-- EXERCISE MATERIAL --
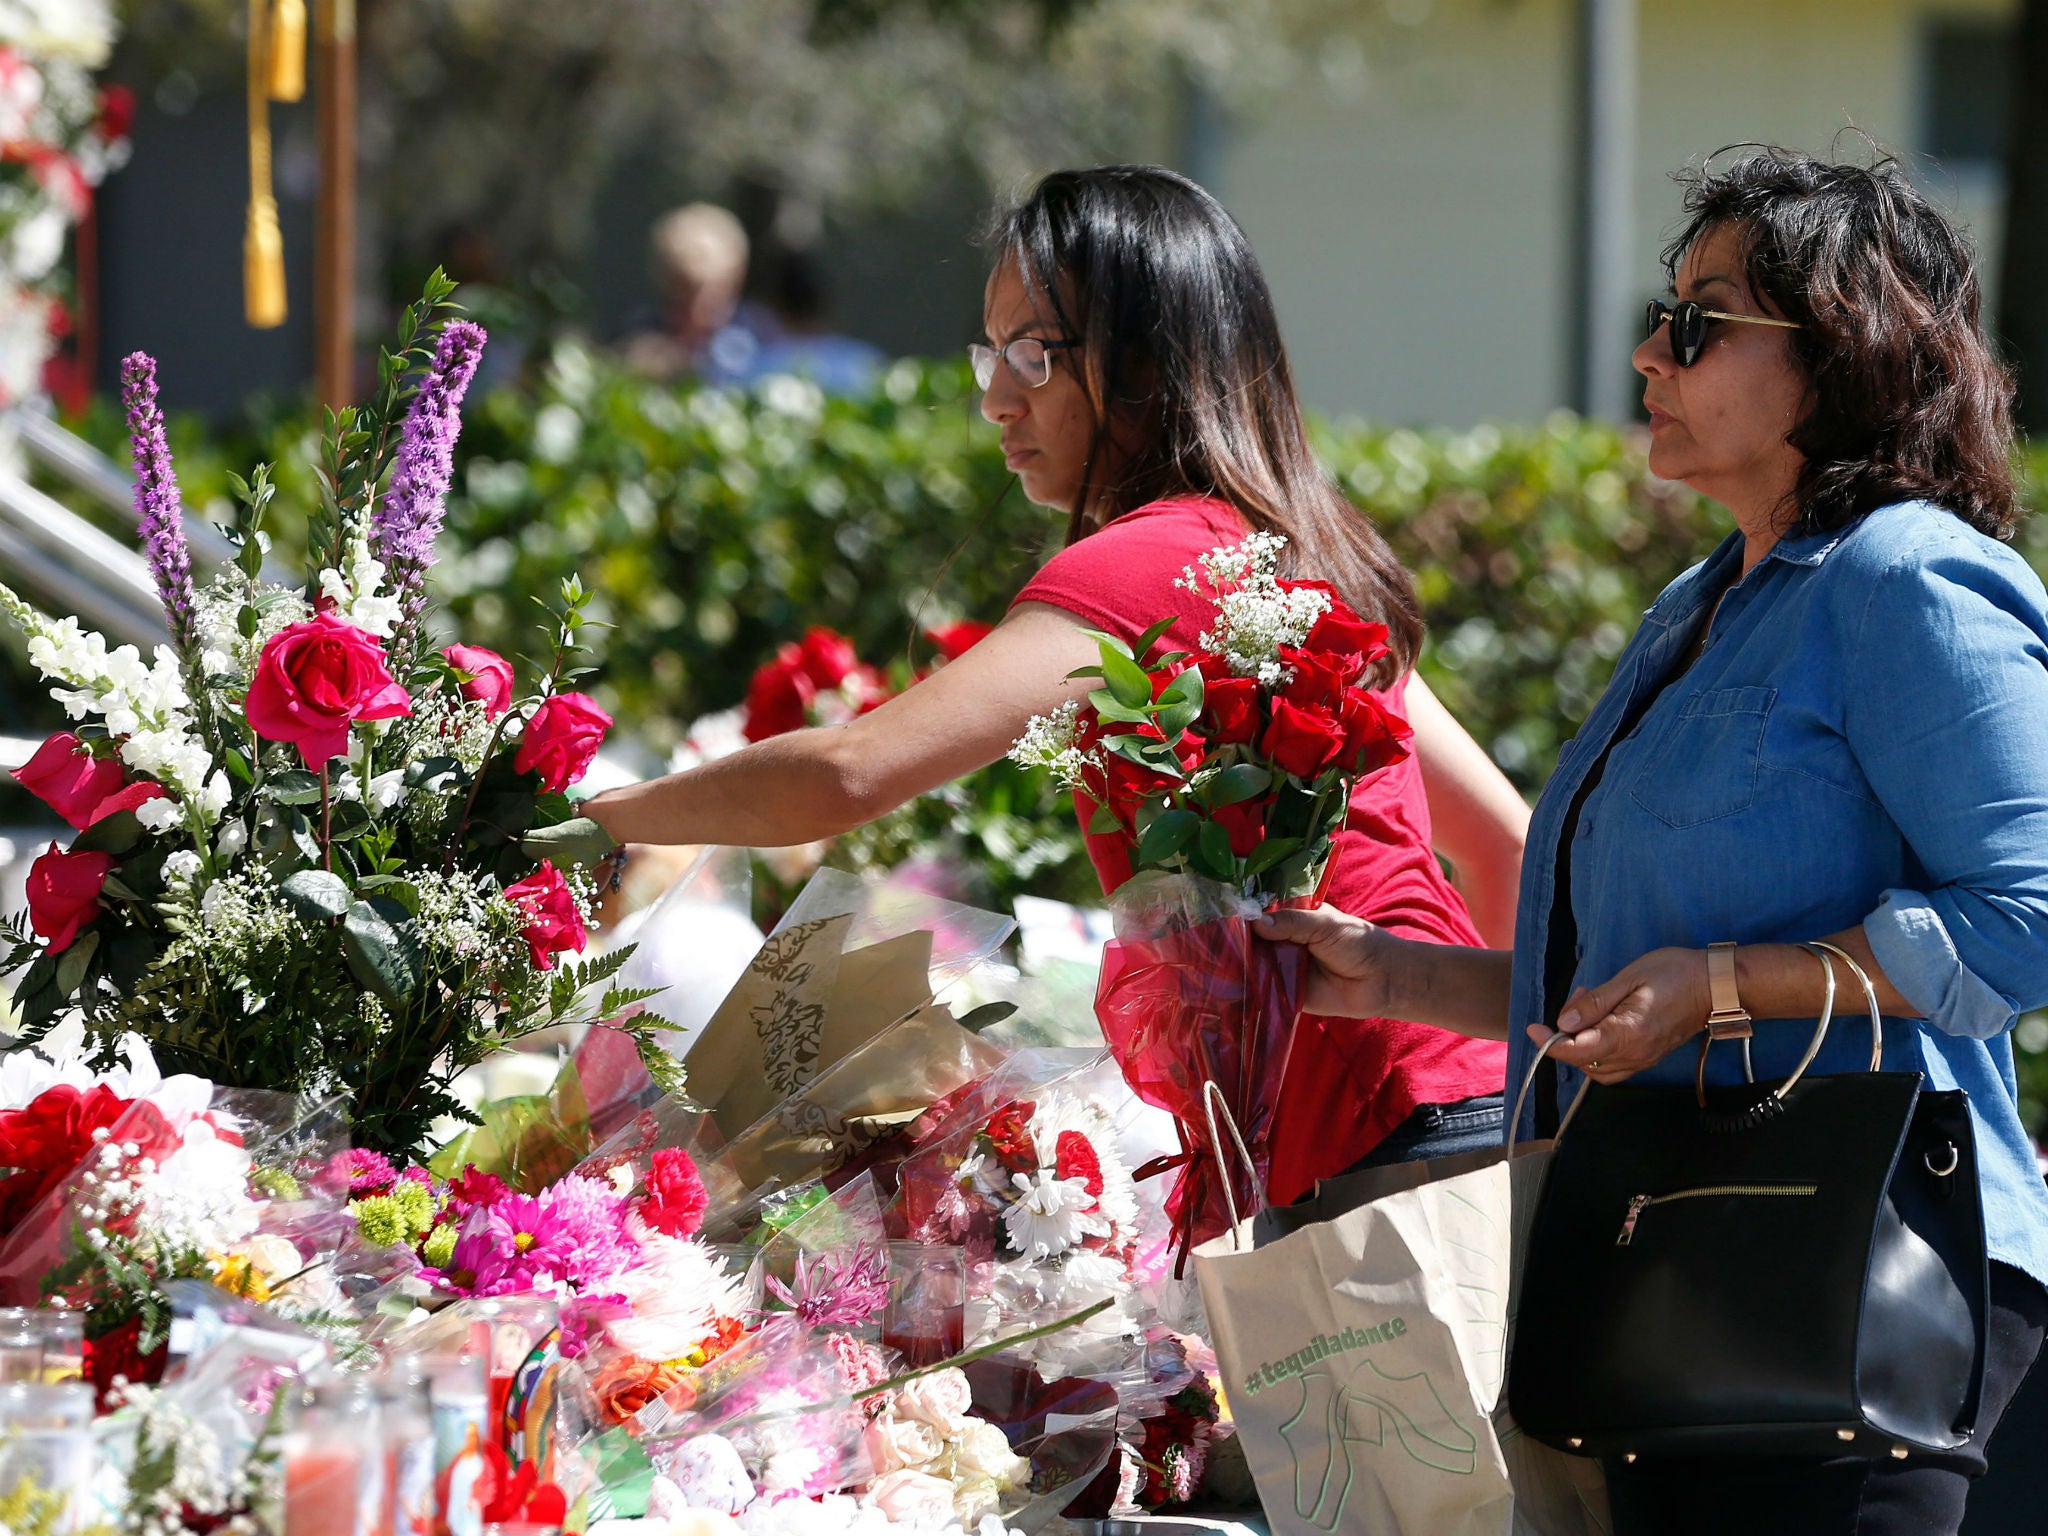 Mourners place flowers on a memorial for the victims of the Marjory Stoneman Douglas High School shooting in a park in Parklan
* * *
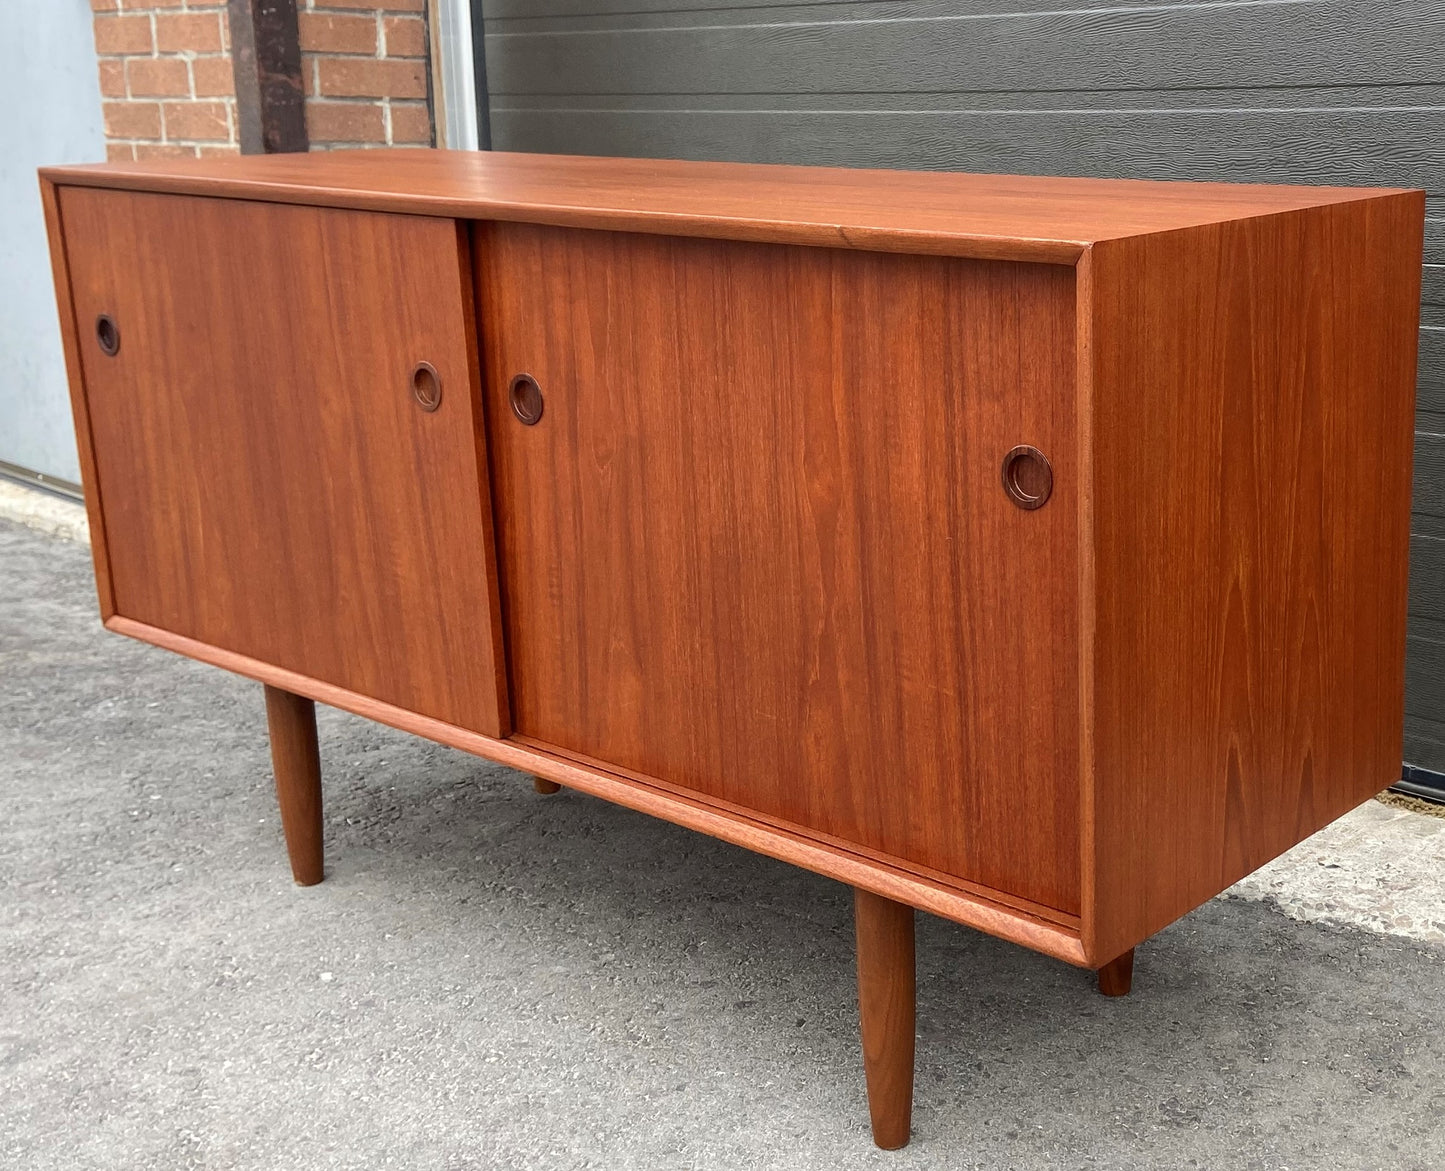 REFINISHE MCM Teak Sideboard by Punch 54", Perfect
* * *
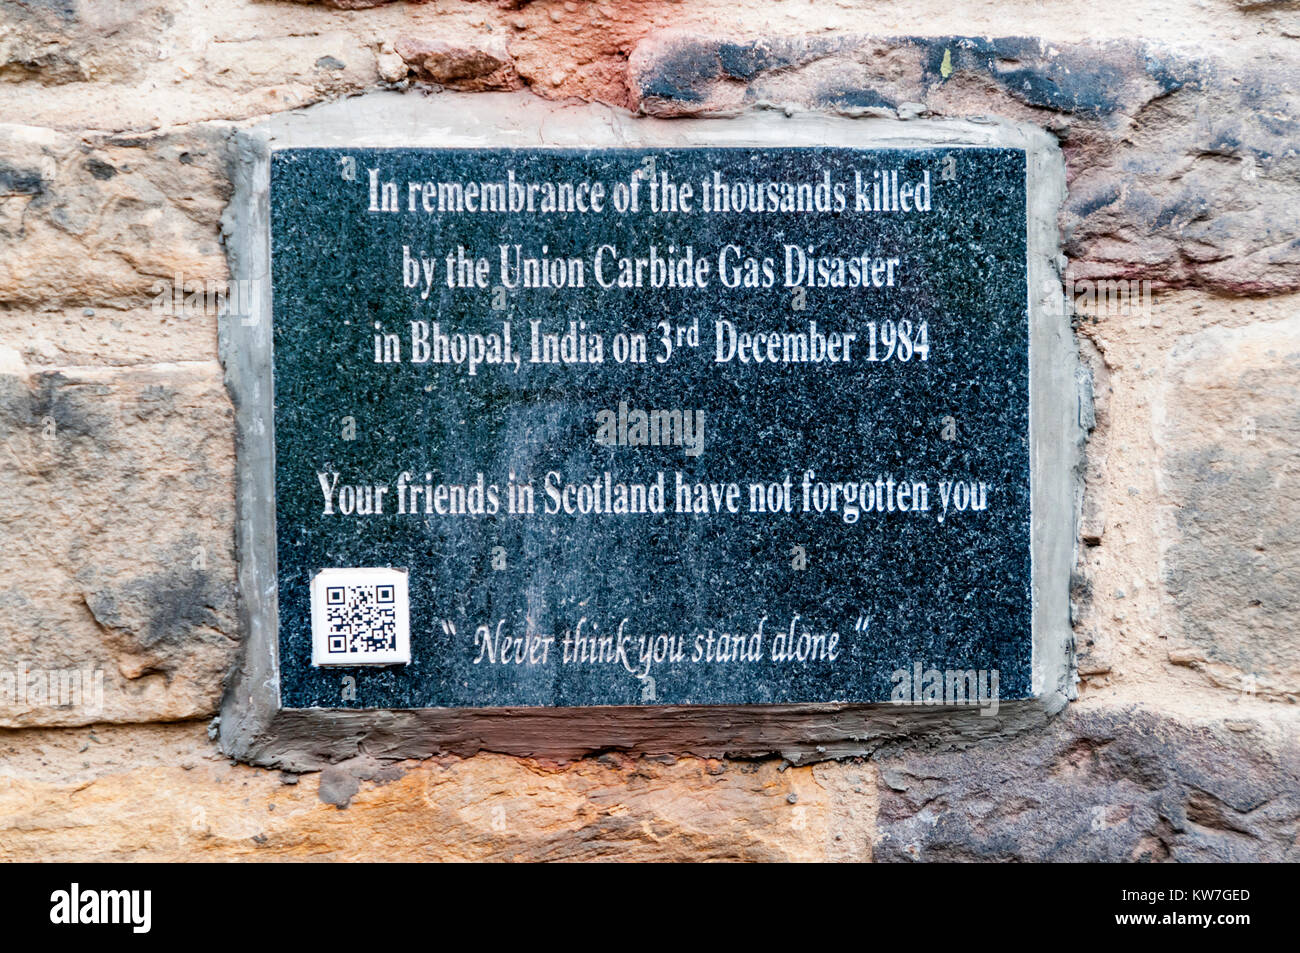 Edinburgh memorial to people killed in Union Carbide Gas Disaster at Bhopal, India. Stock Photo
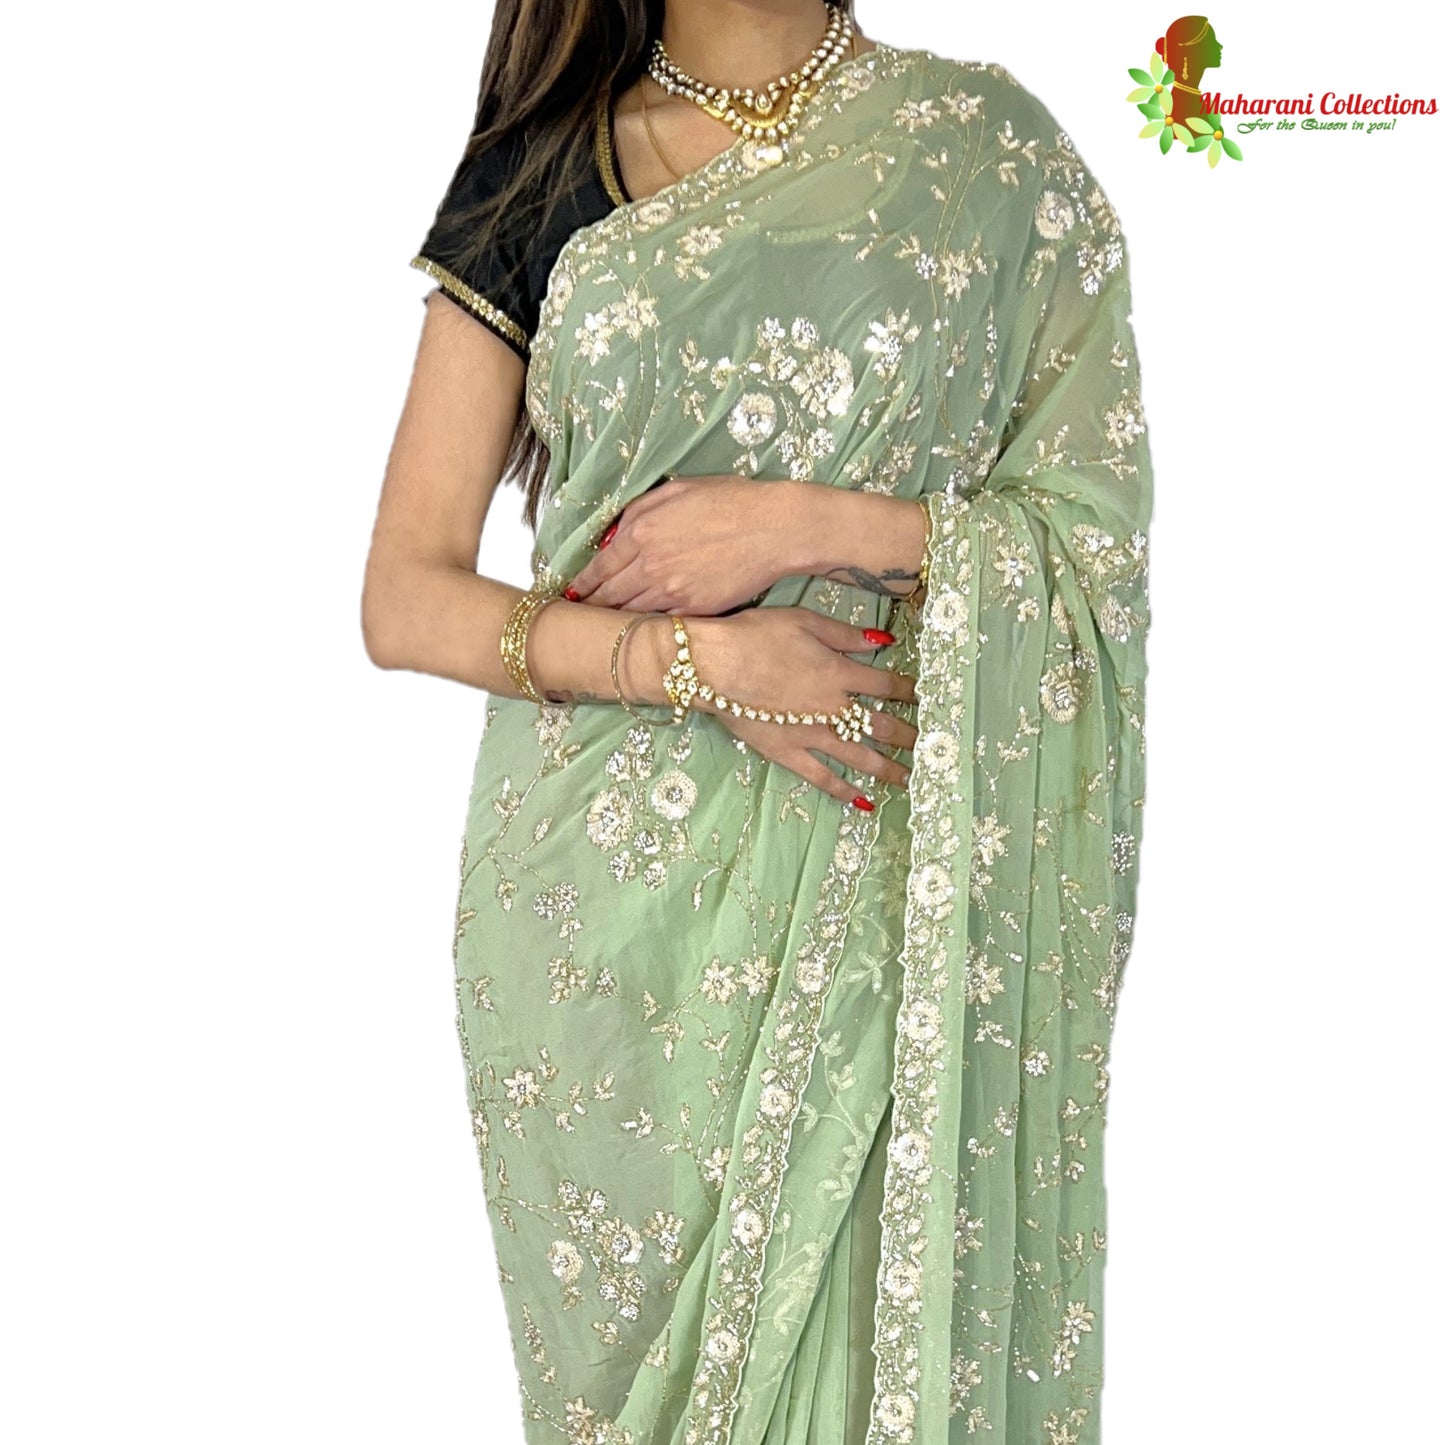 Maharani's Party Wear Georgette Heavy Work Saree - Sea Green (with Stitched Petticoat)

-- TRY IT --
What belongs in the answer is each line above from the line with "Edinburgh memorial to" to the line with "Maharani's Party Wear", inclusive, reproduced exactly and free of pictures.

-- ANSWER TO THIS TASK --
 Edinburgh memorial to people killed in Union Carbide Gas Disaster at Bhopal, India. Stock Photo
 Maharani's Party Wear Georgette Heavy Work Saree - Sea Green (with Stitched Petticoat)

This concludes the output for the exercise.